*Assignment*. Leave out the pictures and restate exactly, and only, the lines from the one that contains "VII Congreso Internacional" through the final line of the material below.

*Raw data*.
------------

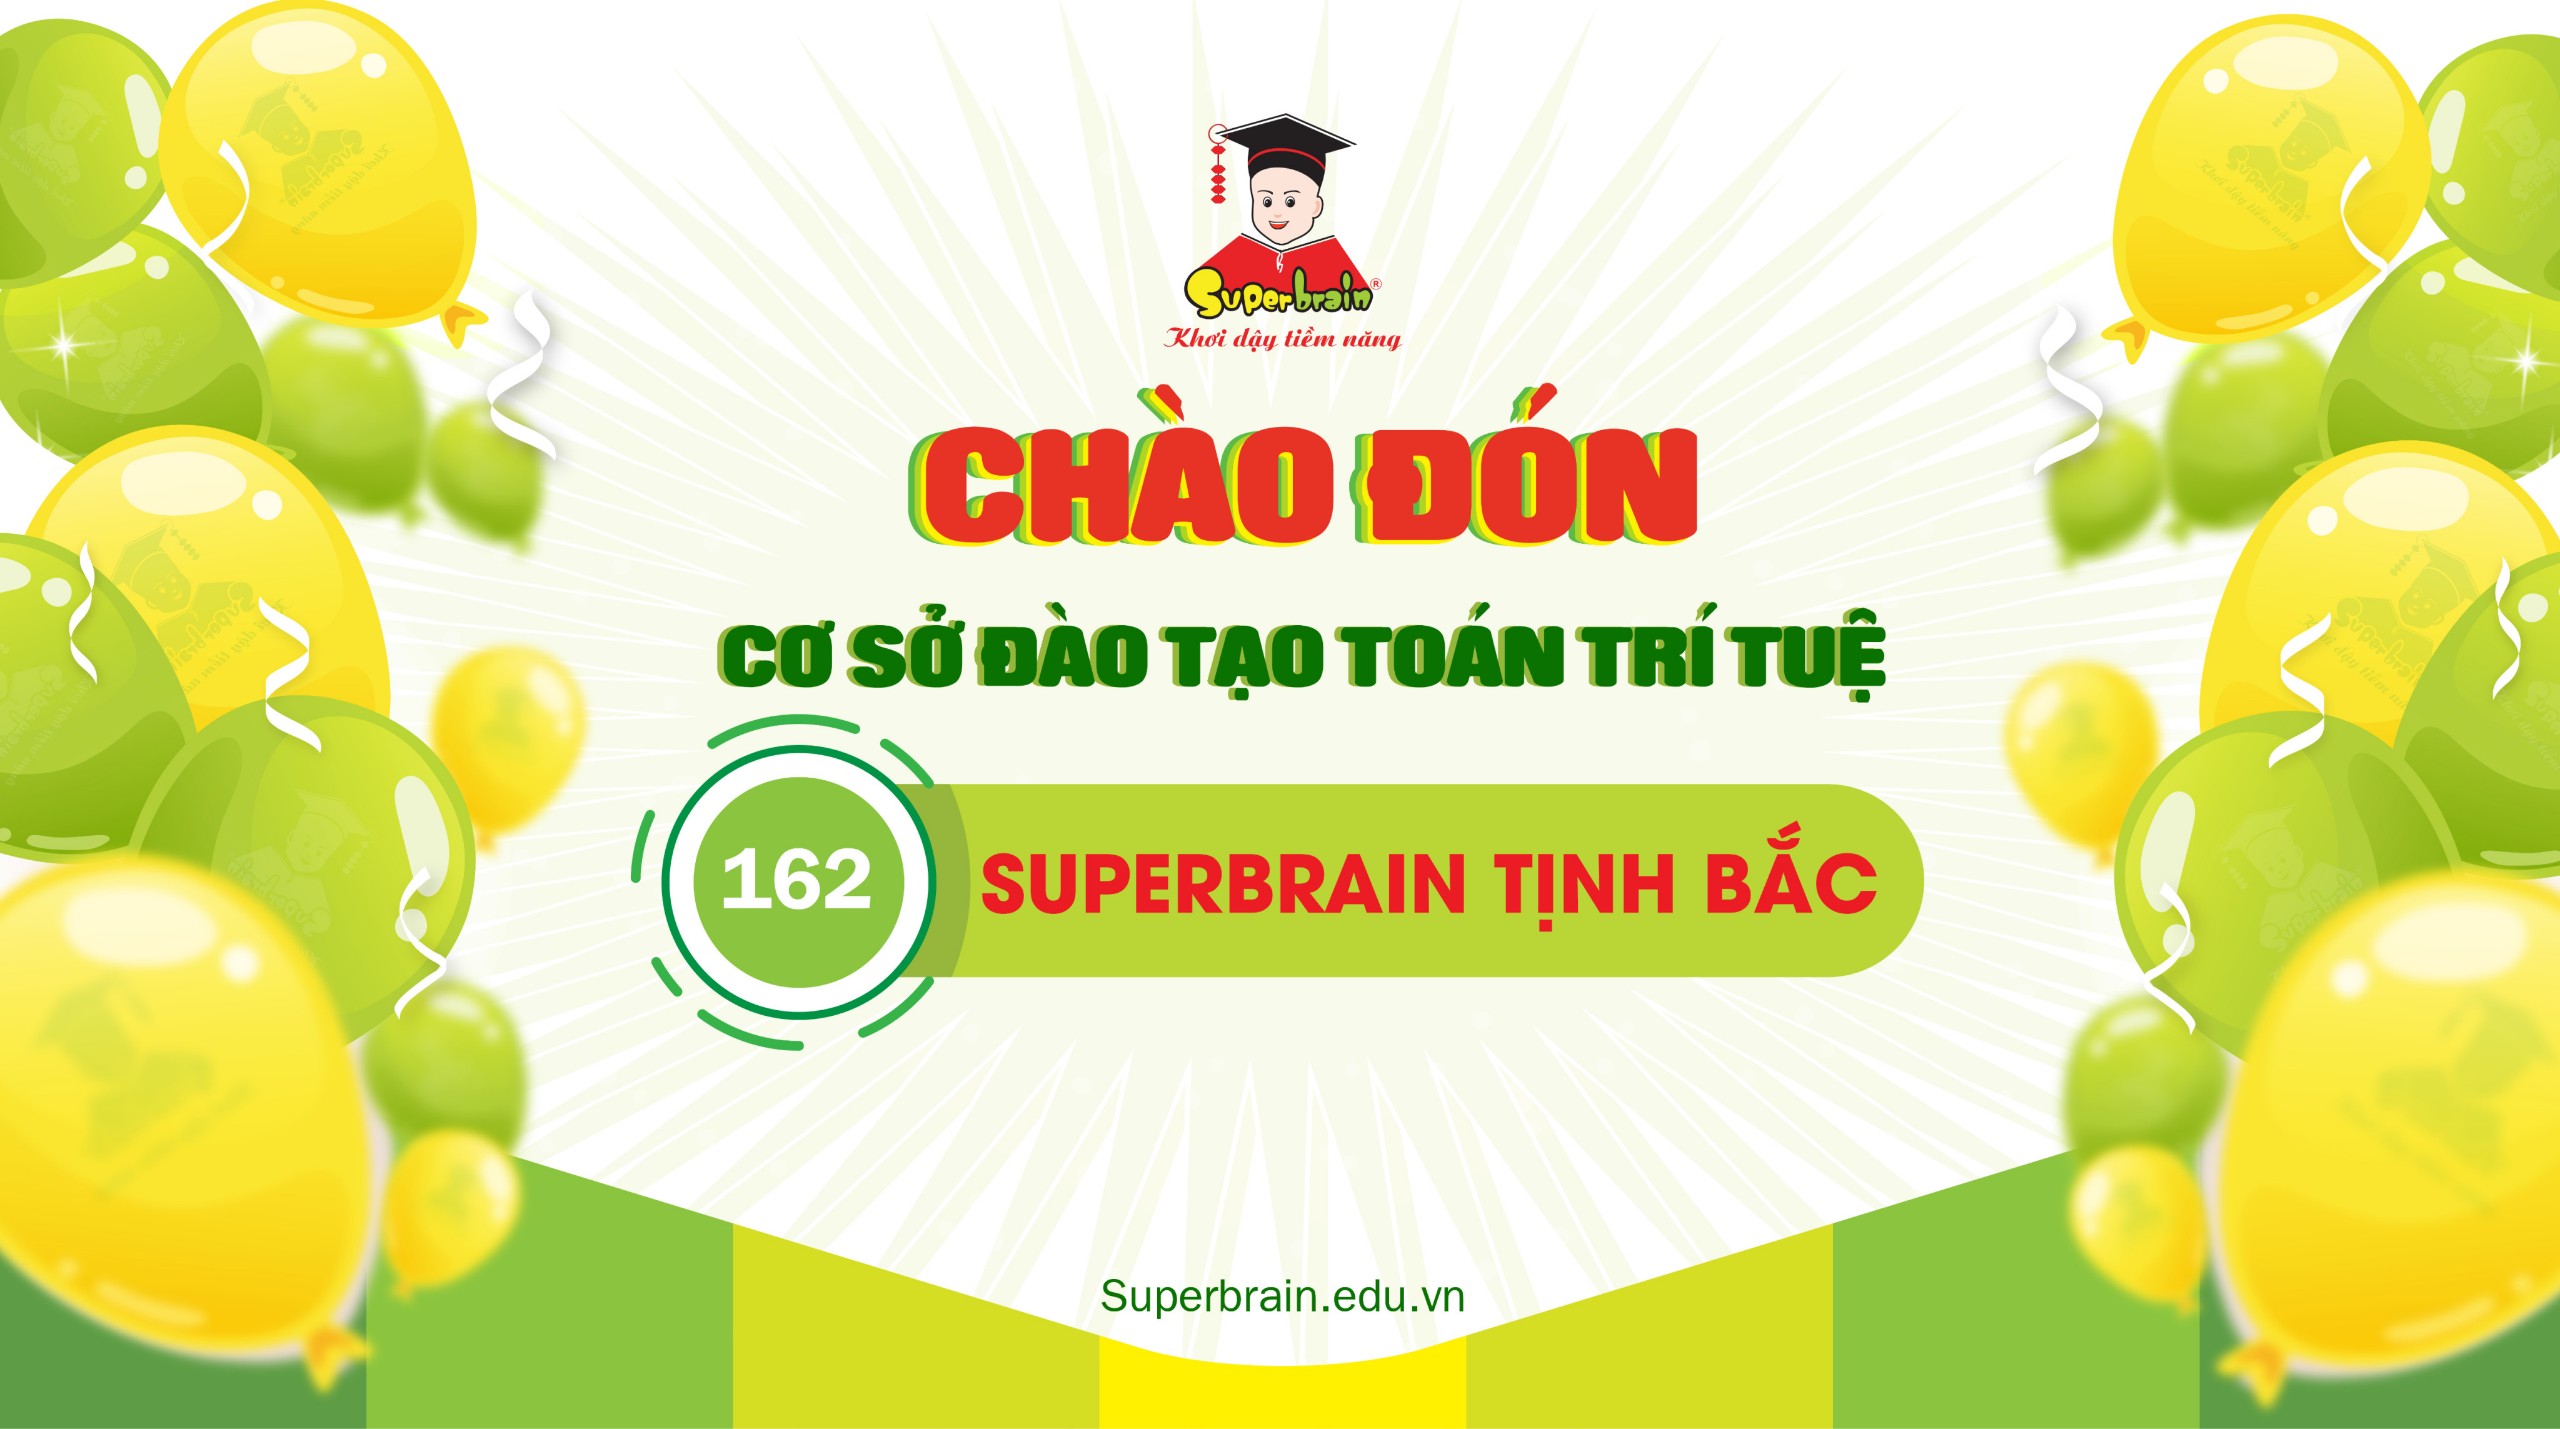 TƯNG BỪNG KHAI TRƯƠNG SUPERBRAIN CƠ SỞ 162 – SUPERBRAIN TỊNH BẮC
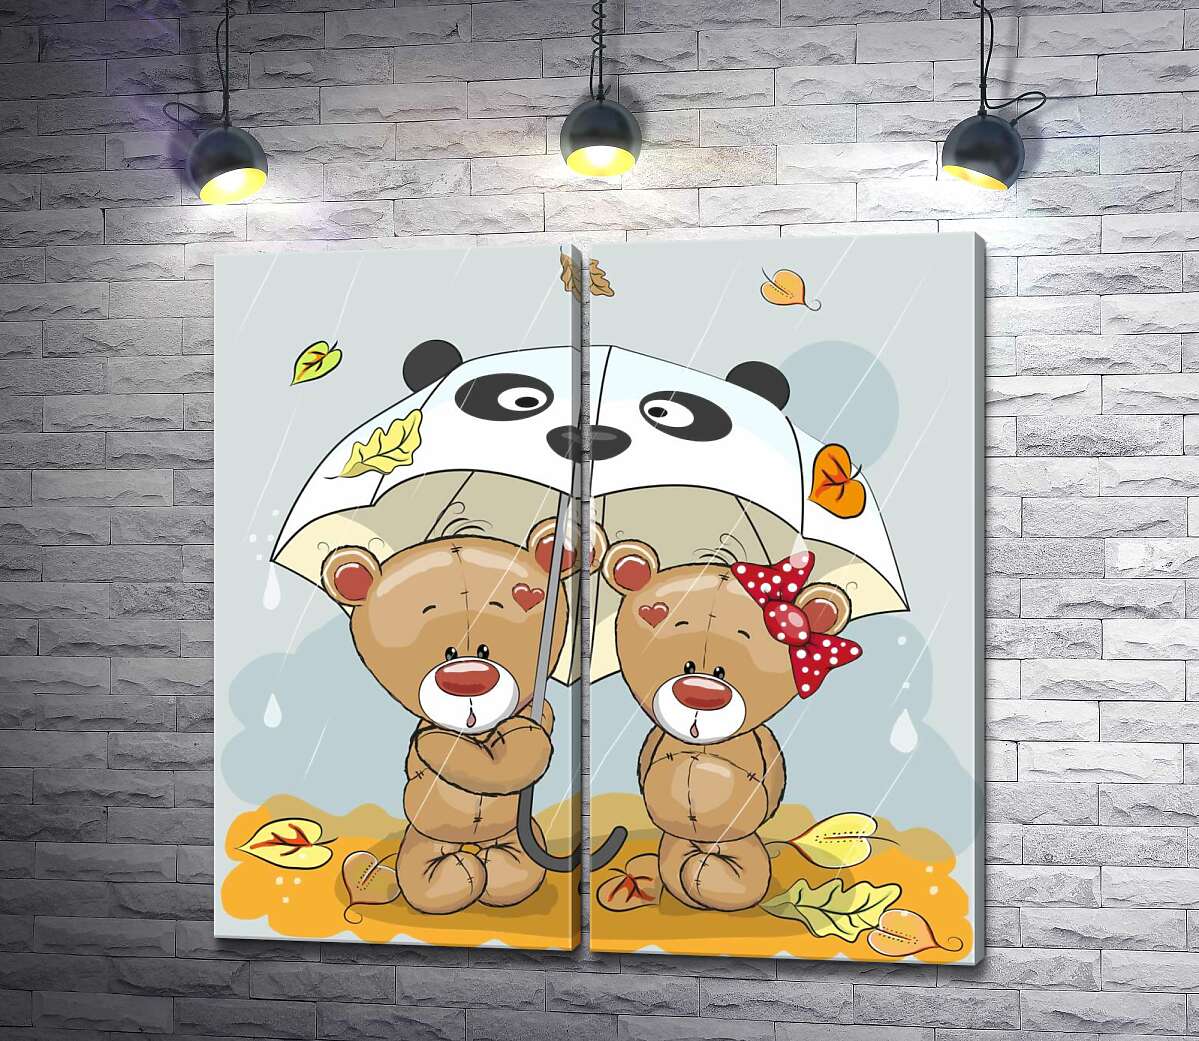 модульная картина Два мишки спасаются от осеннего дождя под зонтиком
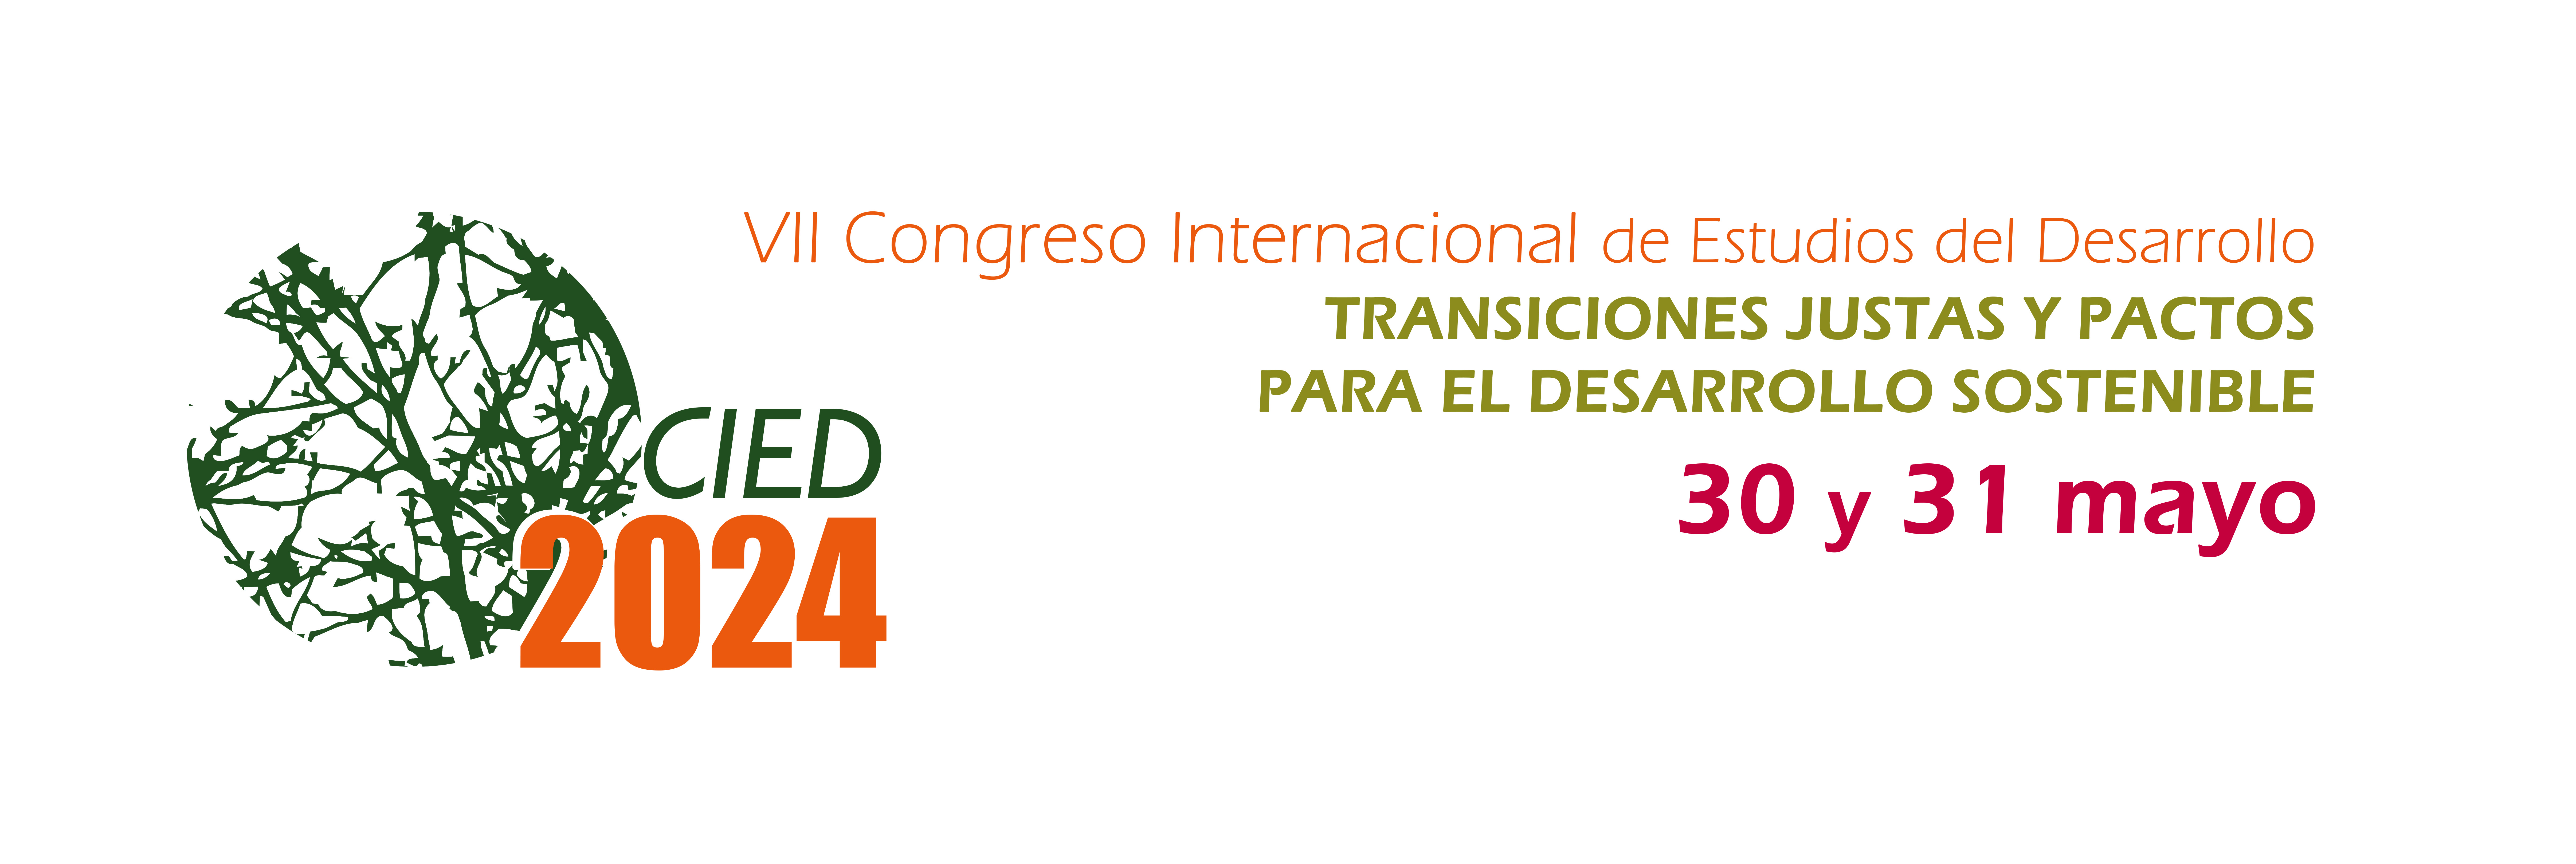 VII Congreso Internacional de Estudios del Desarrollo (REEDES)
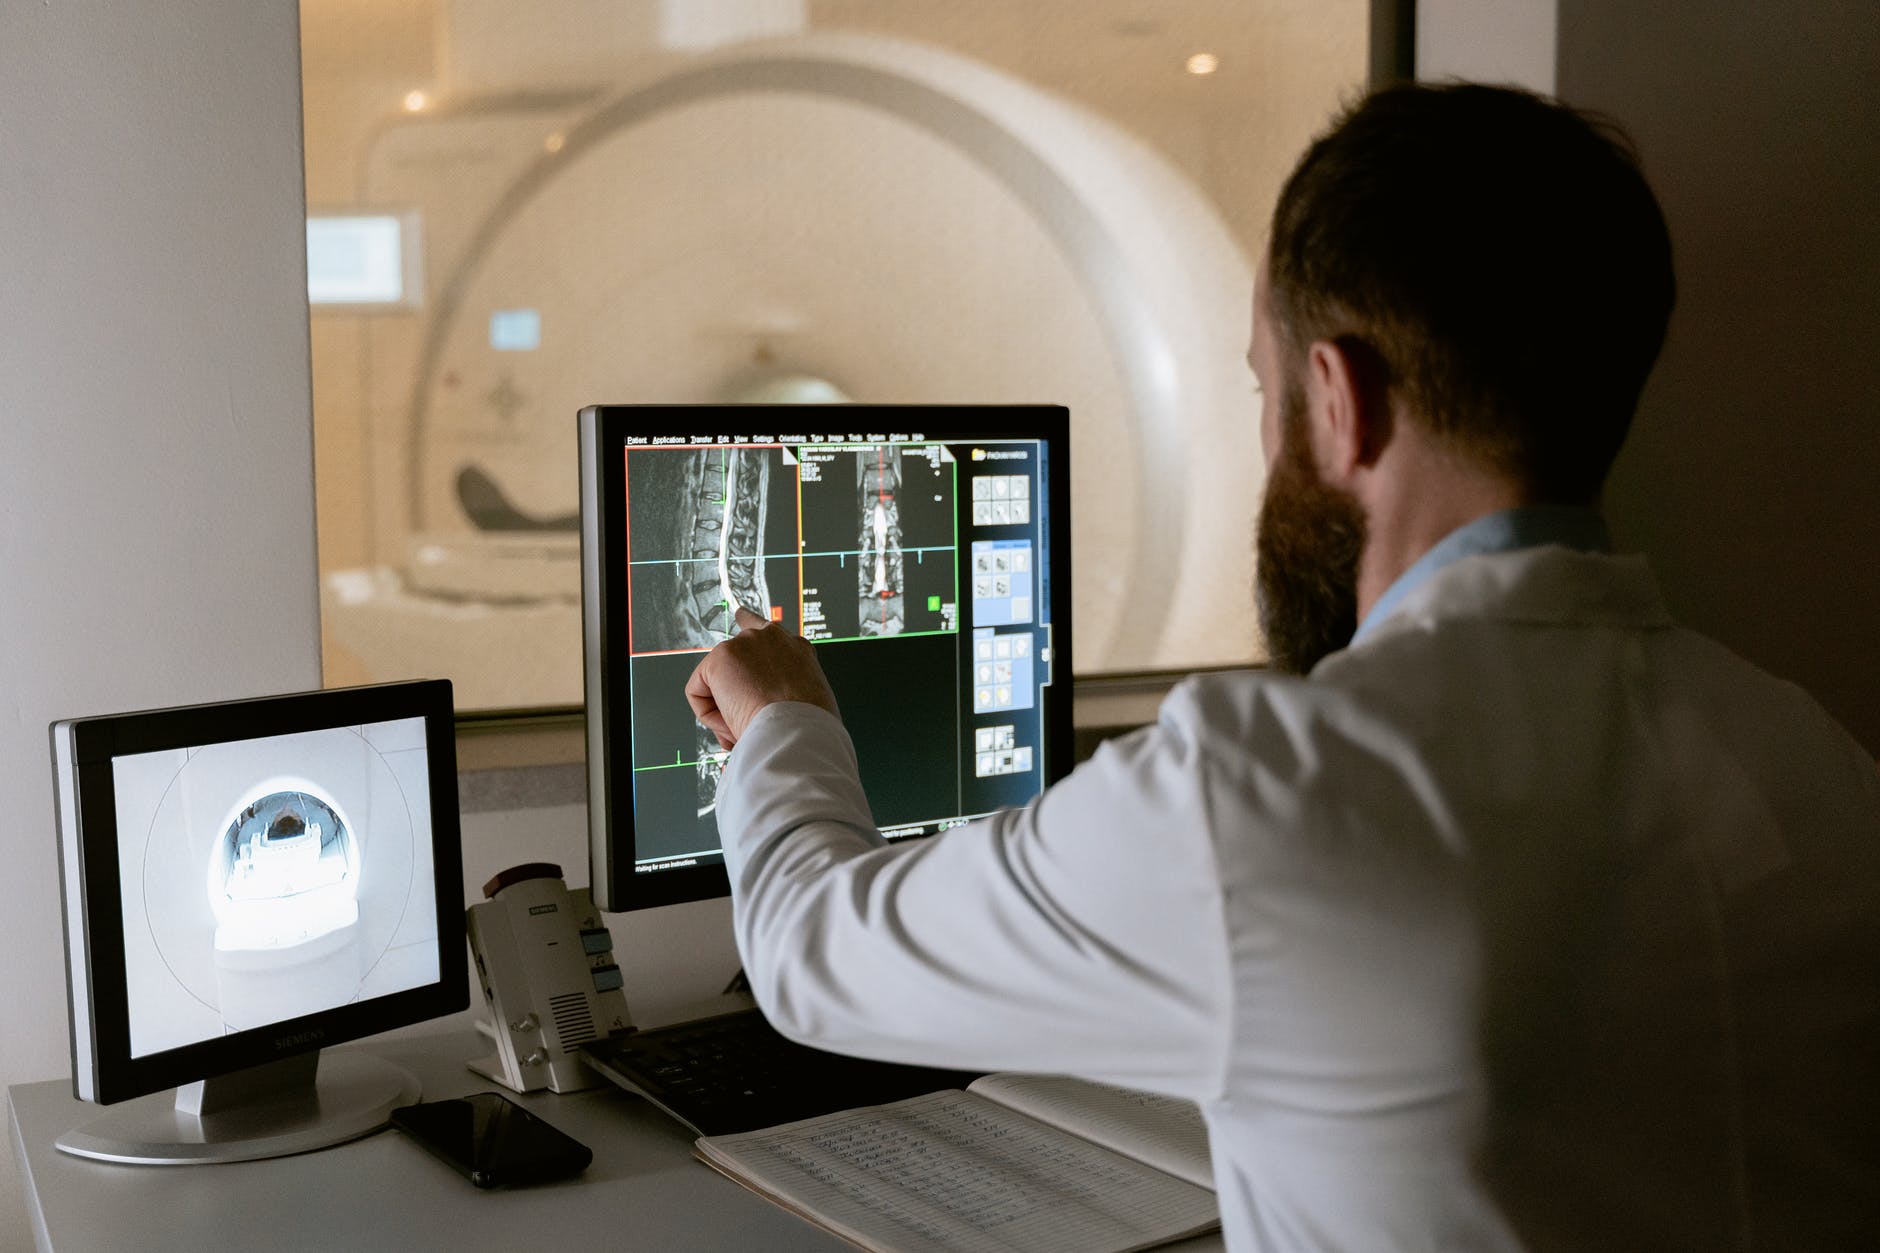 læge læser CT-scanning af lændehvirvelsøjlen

------------

*Completed exercise*.
 VII Congreso Internacional de Estudios del Desarrollo (REEDES)
 læge læser CT-scanning af lændehvirvelsøjlen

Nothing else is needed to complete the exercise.